Beach Birdsseems to begin in a quiet dawn, with eight dancers scattered about a blue-lit space (Skinner also designed the magical lighting). They’re barely swaying, but small movements begin to erupt here and there. Someone cocks a head or bends to the side; someone else picks it up. The pianist slowly tilts a rain tube. A flock instinct is at play. When Cédric Andrieux (once an important member of MCDC) enters and makes big decisive moves, the others briefly freeze; suddenly everyone quivers a leg.

Even as the movements become faster and cover more ground, they come in flurries and subside into pockets of quiet. A latecomer (Caelyn Knight) enters with a rush. There’s a sudden banging sound like flotsam bumping a pier. Prancing around Andrieux, rotating him as she does so, she suddenly lays her cheek to his bent back, and he turns his head to nestle it against her neck. Meanwhile, in a corner, Agalie Vandamme jumps and hops again and again.

The dancers perform with wonderfully alert sobriety. Intent on their business, they seem to pick their way through tides and, with long, articulate limbs, explore invisible currents of air. Cunningham, I think, would be delighted.

Forsythe created Duo in 1996, when he was still the artistic director of Ballett Frankfurt. Like Beach Birds, the piece requires its performers to focus on the movement, without playing to the audience. But while Cunningham choreography often presents itself as something to be serenely explored and experienced by the dancers, this duet of Forsythe’s makes it plain that the performers (Dorothée Delabie and Amandine François on opening night) are executing demanding tasks that they must exert themselves to stay on top of. You could think of the cast of Beach Birds as tackling difficult tasks too, but deeper, almost magical qualities lurk in Cunningham’s material.

The costumes for Duo (by Forsythe) pit severity against sensuousness. The two women are dressed in black, and their hair is pinned up sleekly. They wear soft slippers and socks, but their legs are bare below their black trunks, and the top parts of their long-sleeved outfits are semi-transparent. In other words, their bare breasts are visible through this mesh armor. Thom Willems’s recorded piano music is very spare, the notes sweet, but Forsythe’s atmosphere is harsh: A high strip of white lights from the front of the house makes the stage look barren and dark at the back.

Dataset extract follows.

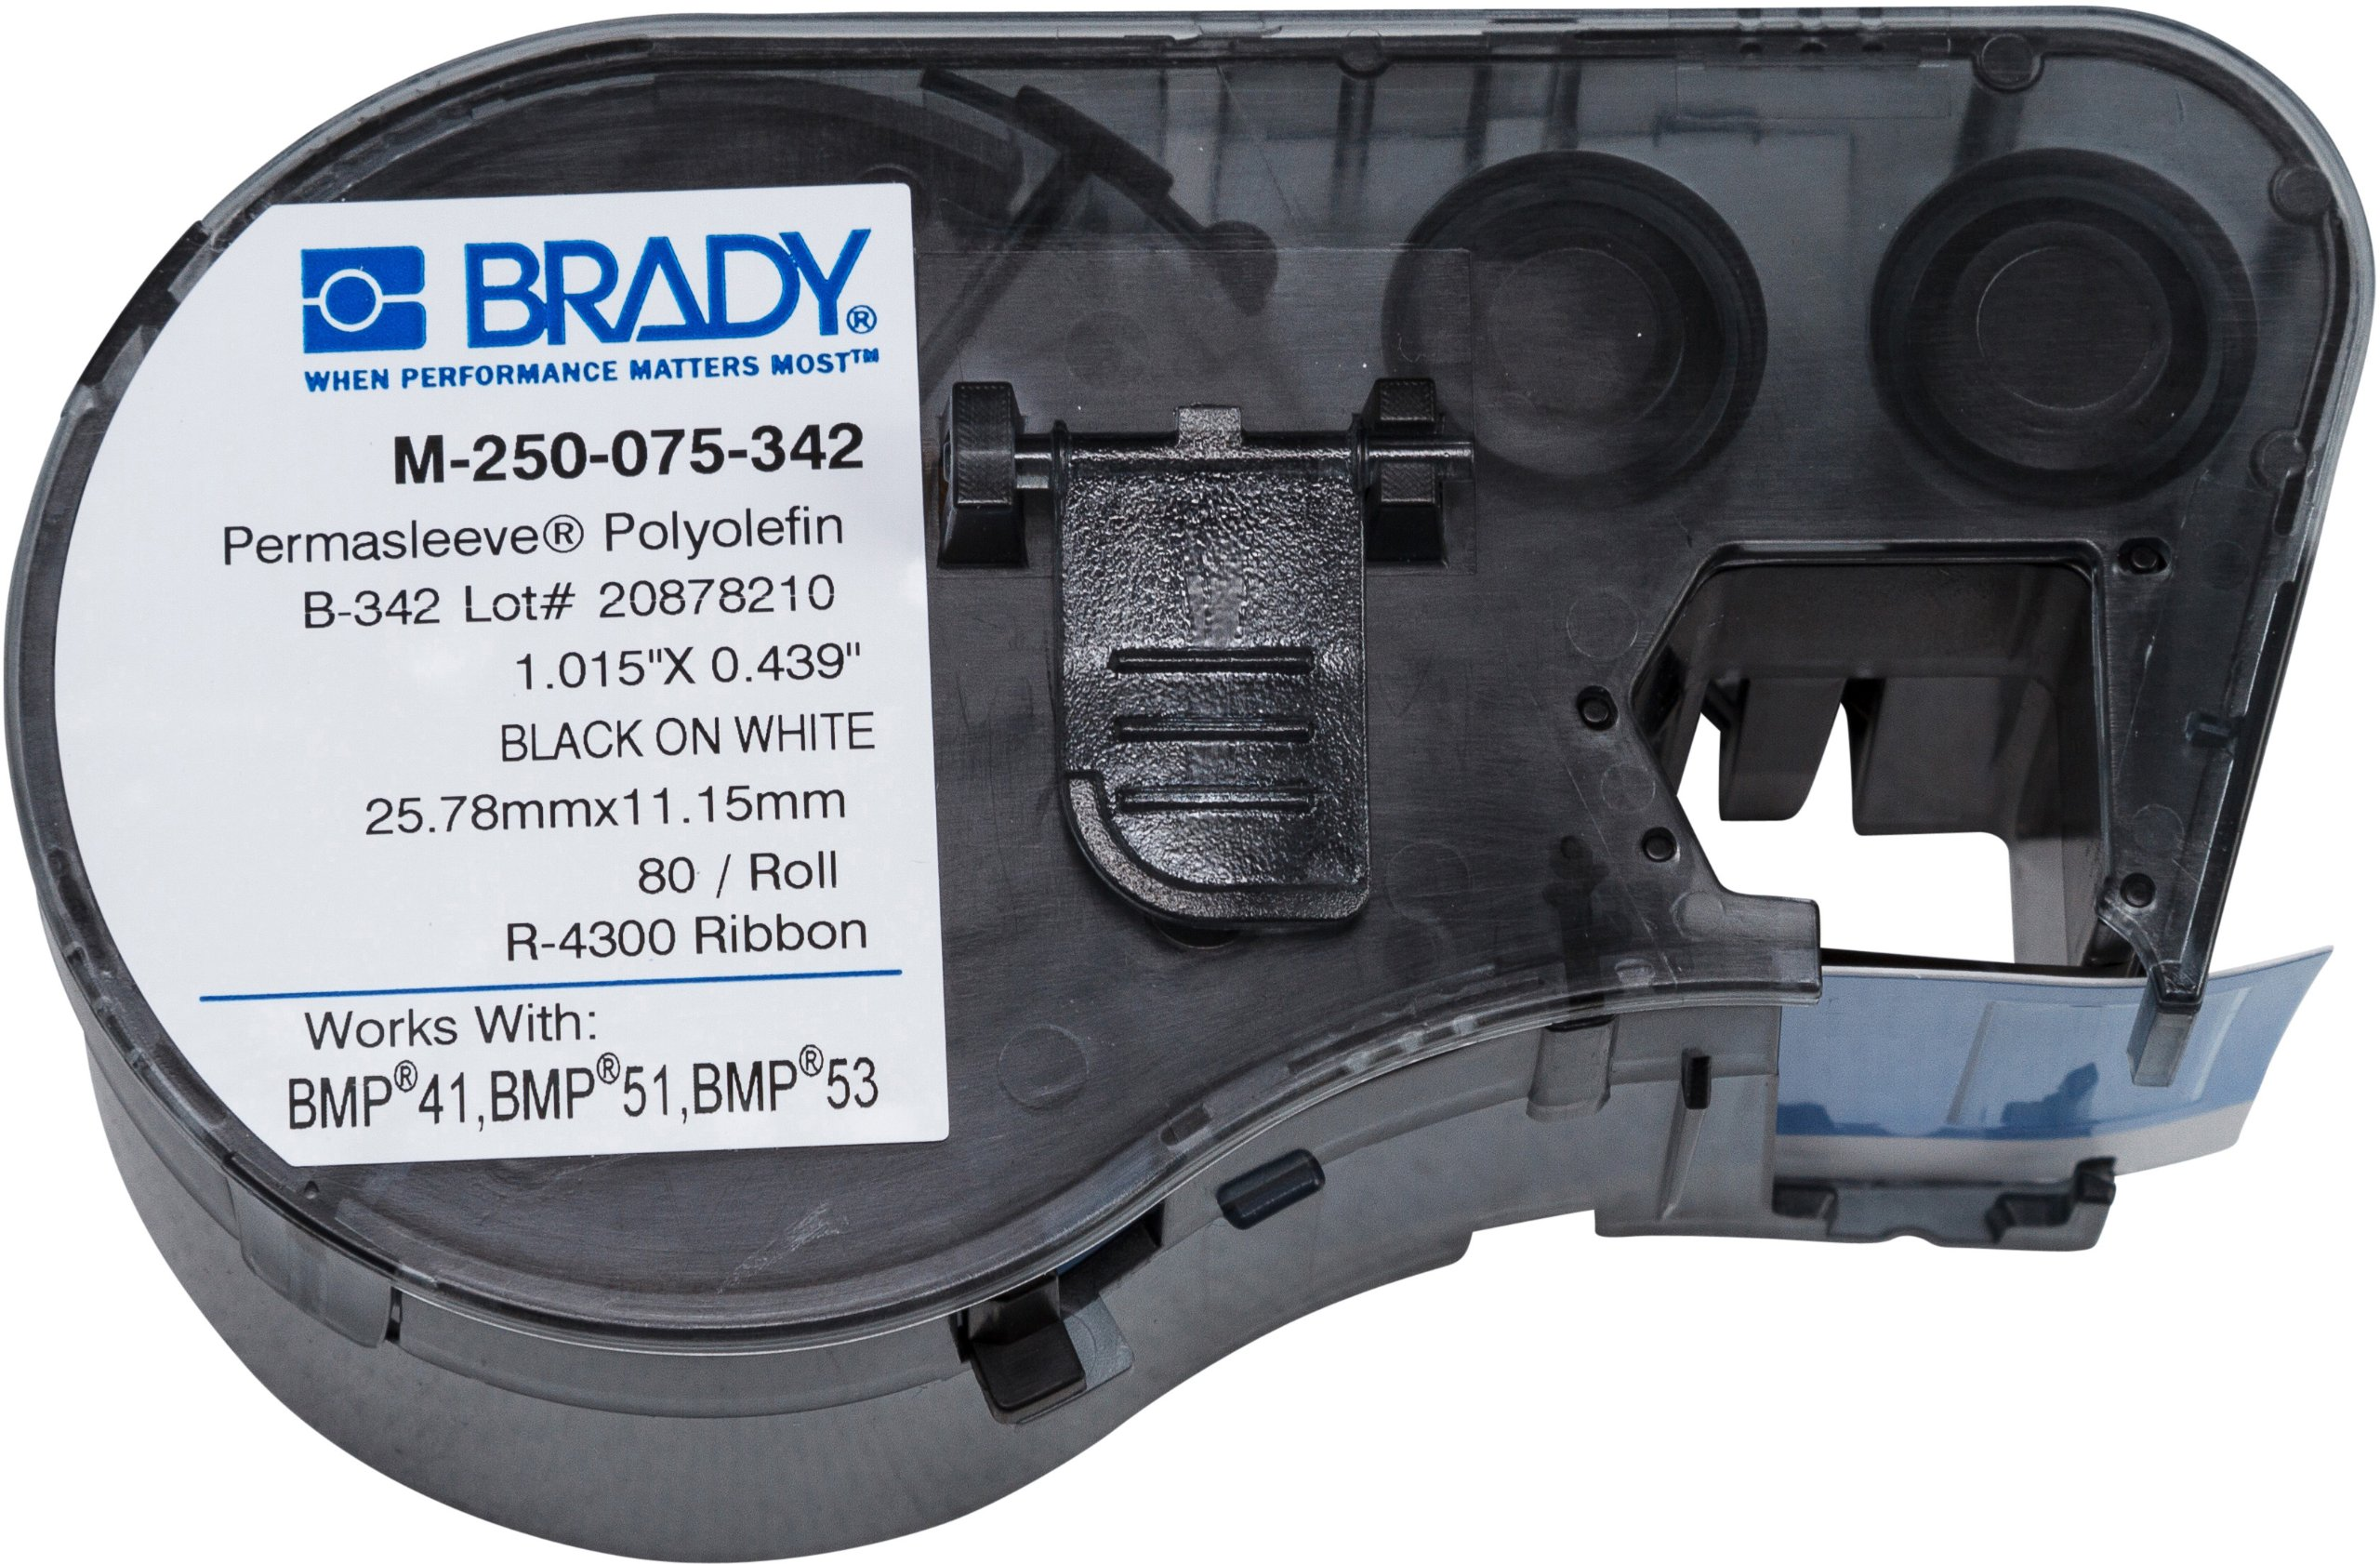 Brady M-250-075-342 Labels for BMP53/BMP51 Printers

The two women move in immaculate unison much of the time. There’s nothing soft or indecisive in what they do. It’s as if Forsythe had done some homework on a ballerina avatar, trying to see how he could twist or invert or stretch her traditional skills and make us see movement from unusual perspectives. Partway into their first phrase (repeated and later varied), the women fall backward into a sitting position and twist to lie crumpled on the floor; we’re invited to study their haunches. When they lift one leg high, it’s neither quite to the back in an arabesque, nor quite a side extension, but something between the two. As in Beach Birds, the movement comes in flurries and then subsides into calmness (sometimes the two recline like odalisques), but always you feel the rigor of the activity, and the women’s breath comes in audible rhythmic whooshes. Delabie and François cut paths every which way across the stage, as if they planned to carve it up and take parts of it away with them.